BEGIN Information provided

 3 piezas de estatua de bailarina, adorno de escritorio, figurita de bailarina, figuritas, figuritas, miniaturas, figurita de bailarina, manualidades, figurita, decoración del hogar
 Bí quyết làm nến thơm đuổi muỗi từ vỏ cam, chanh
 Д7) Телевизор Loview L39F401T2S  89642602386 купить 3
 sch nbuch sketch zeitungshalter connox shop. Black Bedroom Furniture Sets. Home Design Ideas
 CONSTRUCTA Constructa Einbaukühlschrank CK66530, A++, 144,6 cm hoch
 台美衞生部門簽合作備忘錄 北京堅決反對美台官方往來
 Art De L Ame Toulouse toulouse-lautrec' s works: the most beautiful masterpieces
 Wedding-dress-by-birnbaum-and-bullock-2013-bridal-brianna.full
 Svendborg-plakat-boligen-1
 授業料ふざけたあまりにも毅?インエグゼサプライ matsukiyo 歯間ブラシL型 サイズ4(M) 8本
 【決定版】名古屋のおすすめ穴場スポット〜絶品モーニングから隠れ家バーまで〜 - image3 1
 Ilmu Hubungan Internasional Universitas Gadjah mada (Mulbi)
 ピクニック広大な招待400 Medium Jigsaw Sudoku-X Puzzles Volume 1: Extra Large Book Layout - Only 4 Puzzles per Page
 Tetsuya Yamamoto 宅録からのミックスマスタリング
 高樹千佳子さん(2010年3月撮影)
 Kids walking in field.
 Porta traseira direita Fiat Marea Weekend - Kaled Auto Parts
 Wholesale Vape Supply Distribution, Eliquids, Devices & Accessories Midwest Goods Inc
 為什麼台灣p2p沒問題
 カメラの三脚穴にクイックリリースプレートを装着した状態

END Information provided

**Instructions for the task**:
Could you repeat all of the material above exactly?

**Exercise response**:
 3 piezas de estatua de bailarina, adorno de escritorio, figurita de bailarina, figuritas, figuritas, miniaturas, figurita de bailarina, manualidades, figurita, decoración del hogar
 Bí quyết làm nến thơm đuổi muỗi từ vỏ cam, chanh
 Д7) Телевизор Loview L39F401T2S  89642602386 купить 3
 sch nbuch sketch zeitungshalter connox shop. Black Bedroom Furniture Sets. Home Design Ideas
 CONSTRUCTA Constructa Einbaukühlschrank CK66530, A++, 144,6 cm hoch
 台美衞生部門簽合作備忘錄 北京堅決反對美台官方往來
 Art De L Ame Toulouse toulouse-lautrec' s works: the most beautiful masterpieces
 Wedding-dress-by-birnbaum-and-bullock-2013-bridal-brianna.full
 Svendborg-plakat-boligen-1
 授業料ふざけたあまりにも毅?インエグゼサプライ matsukiyo 歯間ブラシL型 サイズ4(M) 8本
 【決定版】名古屋のおすすめ穴場スポット〜絶品モーニングから隠れ家バーまで〜 - image3 1
 Ilmu Hubungan Internasional Universitas Gadjah mada (Mulbi)
 ピクニック広大な招待400 Medium Jigsaw Sudoku-X Puzzles Volume 1: Extra Large Book Layout - Only 4 Puzzles per Page
 Tetsuya Yamamoto 宅録からのミックスマスタリング
 高樹千佳子さん(2010年3月撮影)
 Kids walking in field.
 Porta traseira direita Fiat Marea Weekend - Kaled Auto Parts
 Wholesale Vape Supply Distribution, Eliquids, Devices & Accessories Midwest Goods Inc
 為什麼台灣p2p沒問題
 カメラの三脚穴にクイックリリースプレートを装着した状態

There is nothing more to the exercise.